Grammalie Rose raised an eyebrow as if she knew what was passing through Lucy’s mind. They locked eyes for a long moment. Lucy was on the verge of walking away when Grammalie Rose said in a mild tone, “You don’t work, you don’t eat.”

Lucy nodded shortly. Her stomach felt like an empty balloon. She’d had no food for more than twenty-four hours. The old woman thumped her on the back. “Not so sullen, wilcze. The preparers get to eat first,” she said, “and everyone must take a turn. This is not some cruel sort of punishment dreamt up especially for you.” She made a croaking noise that sounded suspiciously like a chuckle and pushed her toward the table. There were people down at the far end scrubbing potatoes. They were surrounded by mounds of dirty yellow spuds, and yet they chattered and laughed together.

“Henry!” Grammalie Rose called, and pointed to one of the tubs Lucy had hauled.

Henry was small and dark, maybe in his early twenties, with brown hair that stuck up in a duck’s tail over his forehead and twinkling brown eyes.

“Henry, this is Lucy.”

Henry grinned at Lucy and stuck out his hand. She shook it, conscious of her filth-encrusted fingers. “Leo told me about you,” he said. “He said you seemed okay.”

“I am.”

“Hmm.” He ran his eyes over her in a not entirely clinical way.

“You don’t look like a doctor,” Lucy said, trying to cover her embarrassment.

“Oh, I’m not a doctor, but I do my best.”

She felt vaguely unsettled.

He checked out the rest of their containers. “Looks like bean soup tomorrow. We’ll have to soak them first.”

Grammalie Rose grunted. “I’ve been making bean soup since your father was your age. Let tomorrow take care of itself.” Henry made a face and skipped backward to avoid a slap. “First things first,” the old woman said in a louder voice. “Take the onions and the carrots, malpa.

Henry staggered off, bowed under the weight of two tubs, and Grammalie Rose showed Lucy where a large bowl of tepid water was. Next to it was another slimy block of soap, this one off-white and shapeless. “Wash well, wilcze,” the old woman said, sinking down on a bench. Even though her eyes had closed as if she were resting, Lucy still felt them on her back.

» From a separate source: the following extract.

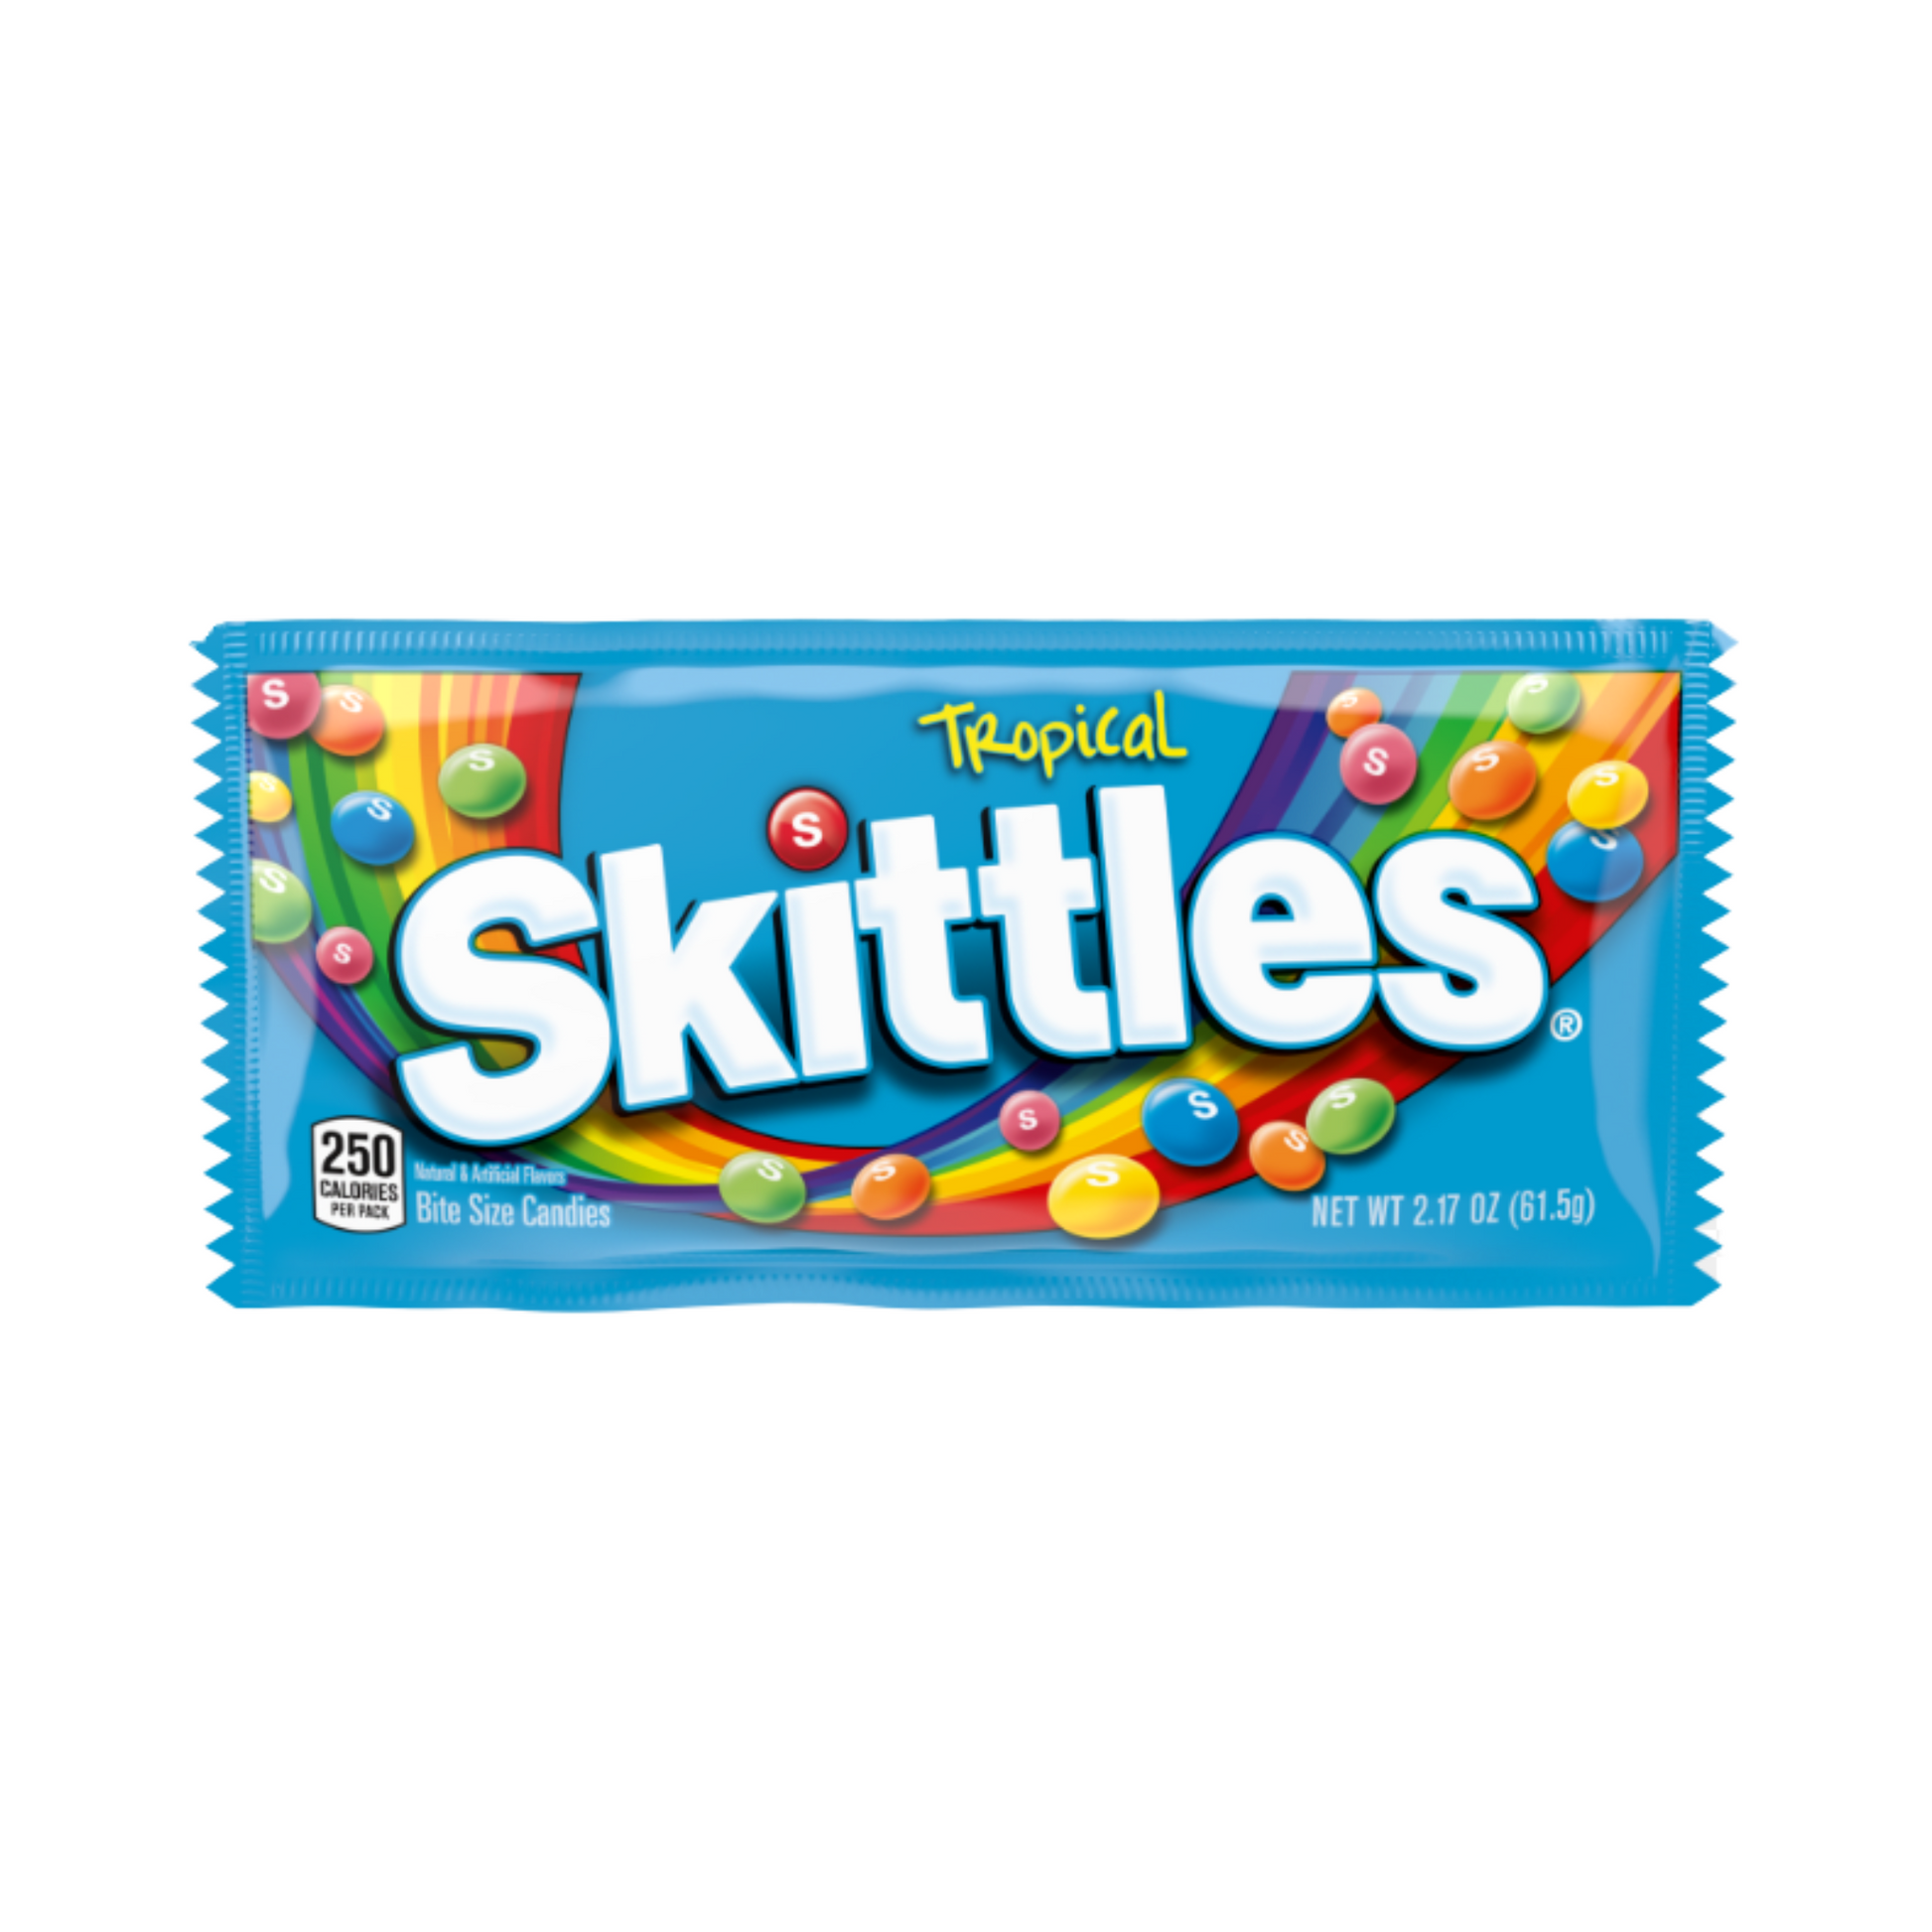 Skittles Add-On - snackmtn

She rolled her sleeves up above her elbows and scrubbed her hands with the soap. It smelled of industrial strength solvent and lard. Her fingers tingled now as if they’d been sprayed with an acid solution, and the bandaged wound across her palm stung. She also took the opportunity to wash her arms and the back of her neck, too, so although she smelled of paint stripper, she felt a little cleaner.

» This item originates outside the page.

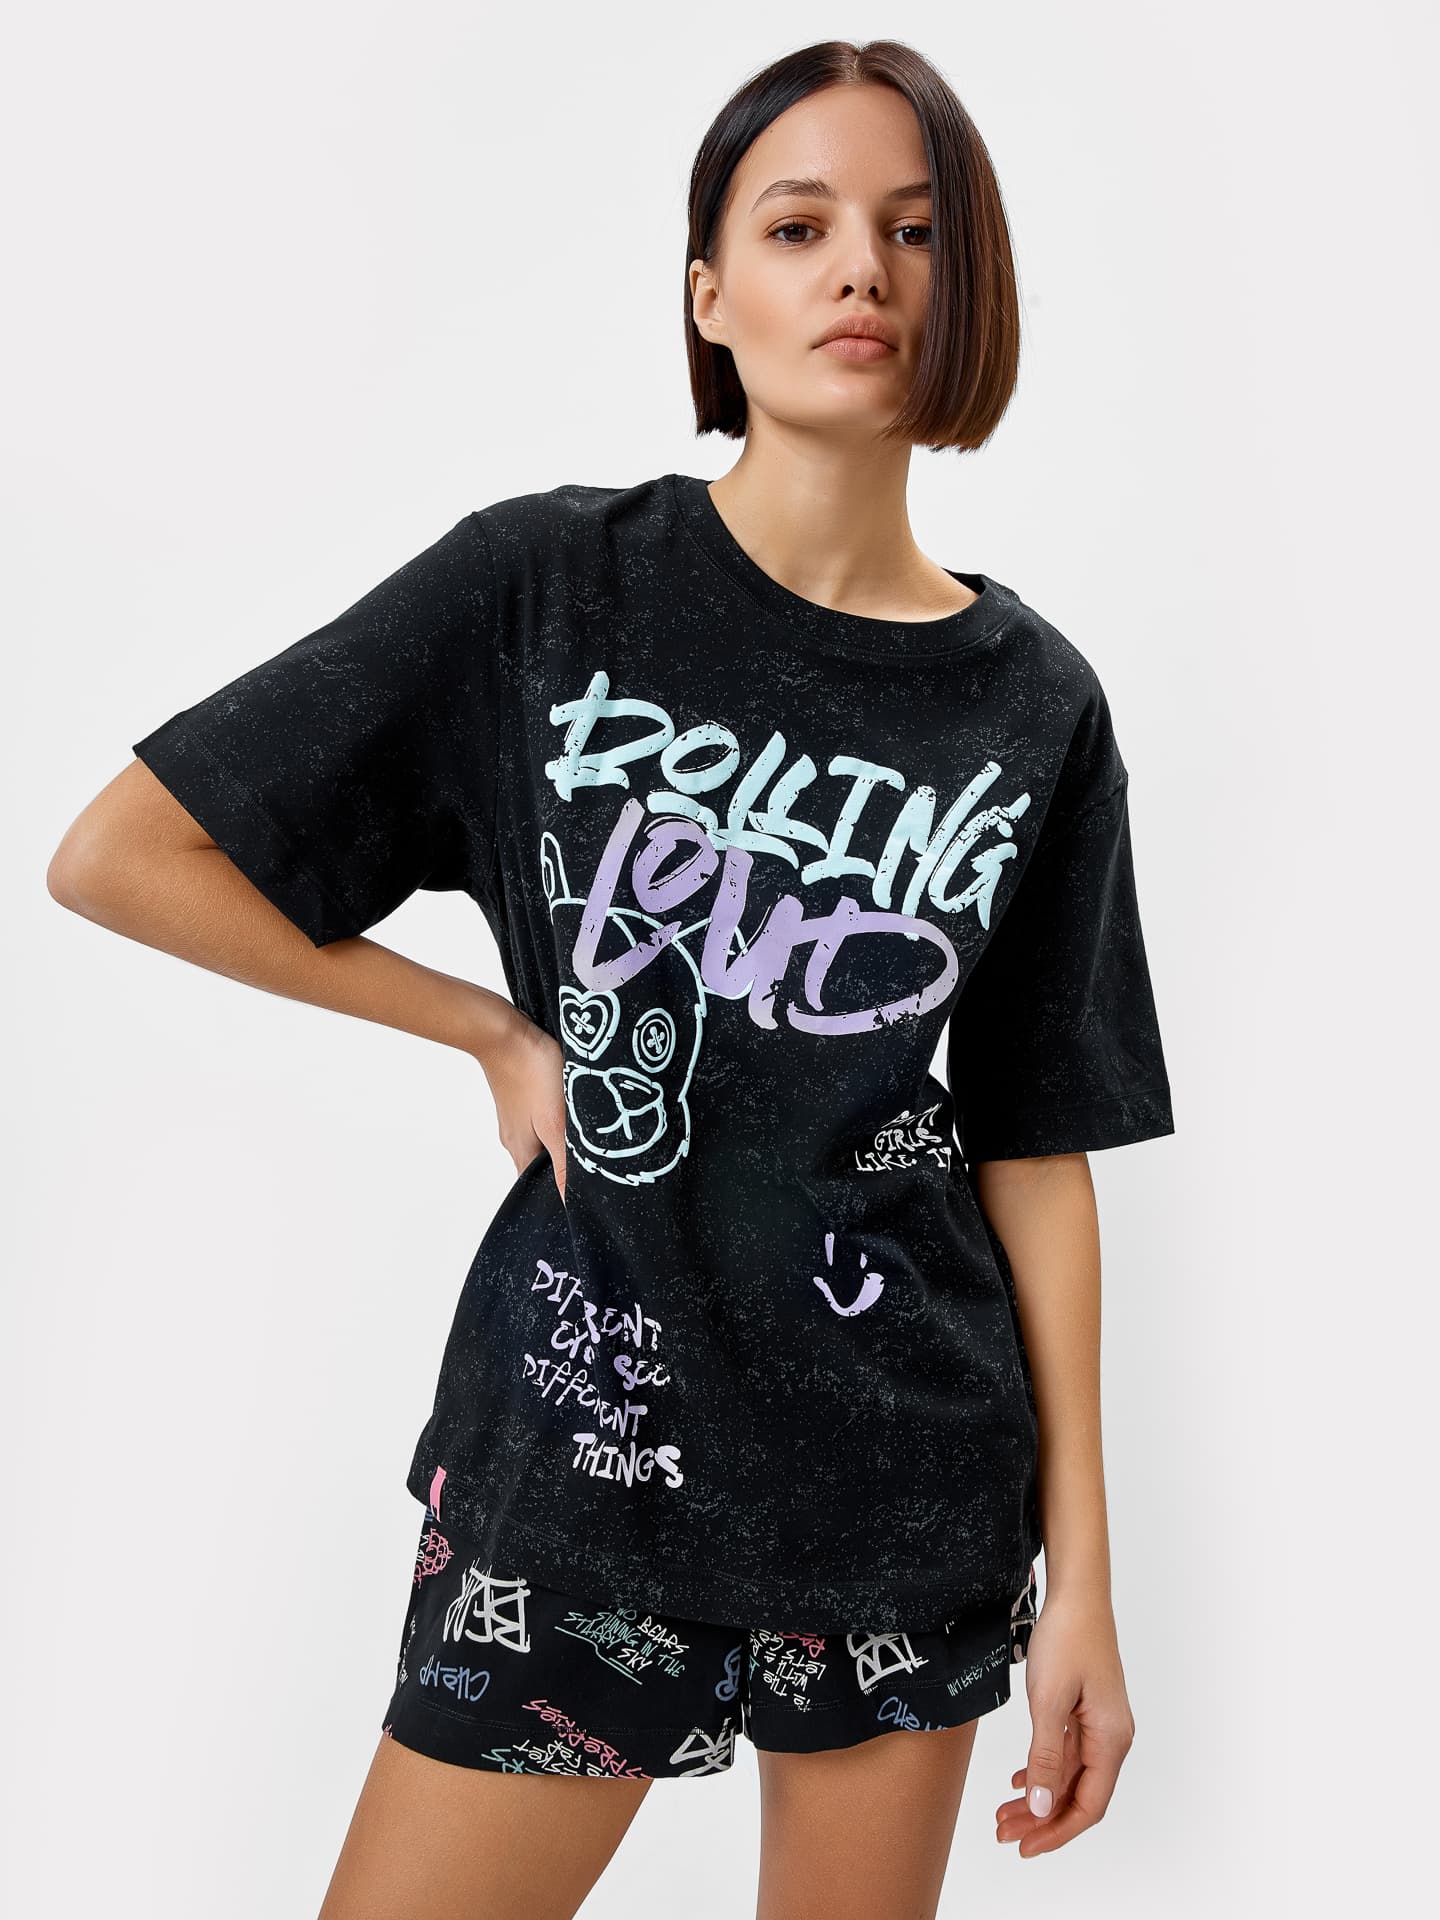 Комплект женский (футболка, шорты) в черном цвете с граффити

There were six skinned dead things on the table that needed their innards removed, and she was pretty sure that was next on the list of chores. Whoever had skinned them had left their little white tails attached. “Letting us know they are not cats,” Grammalie Rose said, touching a cotton ball tuft.

“Do you hunt cats often?” Lucy asked. Meat was meat, but cats were carnivores and never tasted good. Most carnivores didn’t. She’d caught a weasel in a snare once and boiled it up, and the meat had been stringy, gamey, and really tough.

“Not often, but when the hunters bring them, they remove the fur and the tails so we can pretend it is something else.”

Looking away from the sad little carcasses, Lucy’s attention was captured by a hooded, cloaked figure that approached the table and carefully picked up the tub Lucy had used to wash her hands. The water was almost black with grime and bits of insect wings floated in it. His hands were gloved.

“Good,” said Grammalie Rose. “Sammy, please bring us some fresh water if you can.”

The man nodded. His hood slipped back a little and Lucy gasped. His features were covered completely by a mask. It was smooth and beautifully ornate, painted a luminescent white with gold filigree and flourishes around the cutout ovals where the eyes should be. His own eyes burned red behind the mask. A bow-shaped mouth was molded half-open and colored with more of the gold paint. The skin of his neck where the mask ended and his cloak gaped was blackened and cracked, as if it had been charred in a terrible fire.

Lucy stepped backward. Her heart was hammering in her chest, and she was unaware that her arm had knocked over a bowl and sent garlic and beets spilling onto the ground. He was a S’an. He was infected. A walking time bomb.